Posted in Conferences, Companies, Science on April 25, 2008

Google Tech Talks
March, 25 2008


This talk is about discovering and modeling previously unspecified, recurring themes in a given set of arbitrary images. Given a set of images, each containing frequent occurrences of objects from multiple categories, the goal is to learn a compact model of the categories as well as their relationships, for the purposes of later recognizing/segmenting any occurrences in new images. Categories are not defined by the user. Also, whether and where instances of any categories appear in a specific image is not known. This problem is challenging, since it involves the following unanswered questions. What is an object category? What image properties should be used and how to combine them to discover category occurrences? What is an efficient multicategory representation?

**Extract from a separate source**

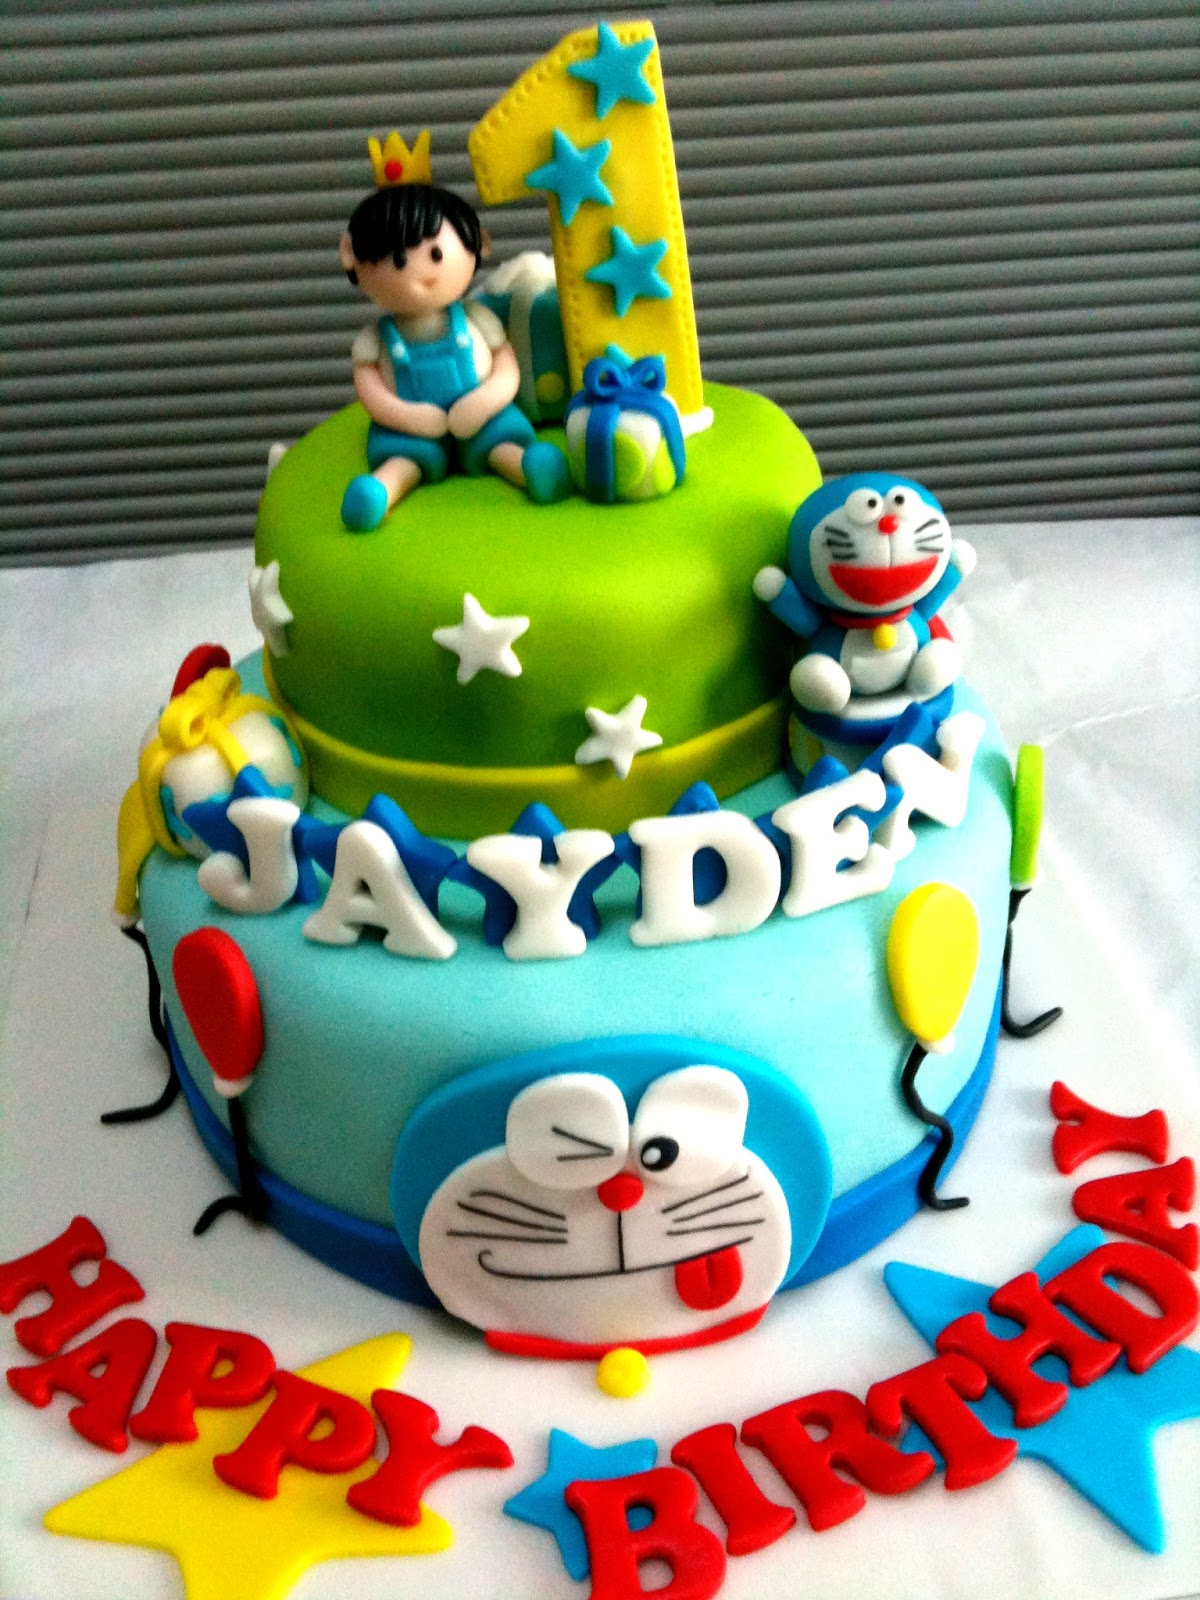 Doraemon Birthday Cake Design : Oven Creations: Happy 1st Birthday Jayden

We will examine a methodology, developed during my postdoctoral work at UIUC. Each image is represented by a segmentation tree whose nodes correspond to image regions, segmented at all natural scales present, and edges between tree nodes capture the region embedding. The presence of any categories in the image set is then reflected in the frequent occurrence of similar subtrees within the segmentation trees. Our methodology is designed to: (1) match image trees to find similar subtrees; (2) discover categories by clustering similar subtrees, and use the properties of each cluster to learn the model of the associated category; and (3) learn the grammar of the discovered categories that compactly captures their recursive definitions in terms of other simpler (sub)categories and their relationships (e.g., containment, co- occurrence, and sharing of simple categories by more complex ones). When a new image is encountered, its segmentation tree is matched against the learned grammar to simultaneously recognize and segment all occurrences of the learned categories. This matching also provides a semantic explanation of object recognition in terms of the identified parts along with their spatial relationships.

The aforementioned methodology can also be used for identifying recurring image themes of more general kind. An example is that of extracting the stochastically repeating, elementary parts of image texture (e.g., waterlilies on the water surface, people in a crowd).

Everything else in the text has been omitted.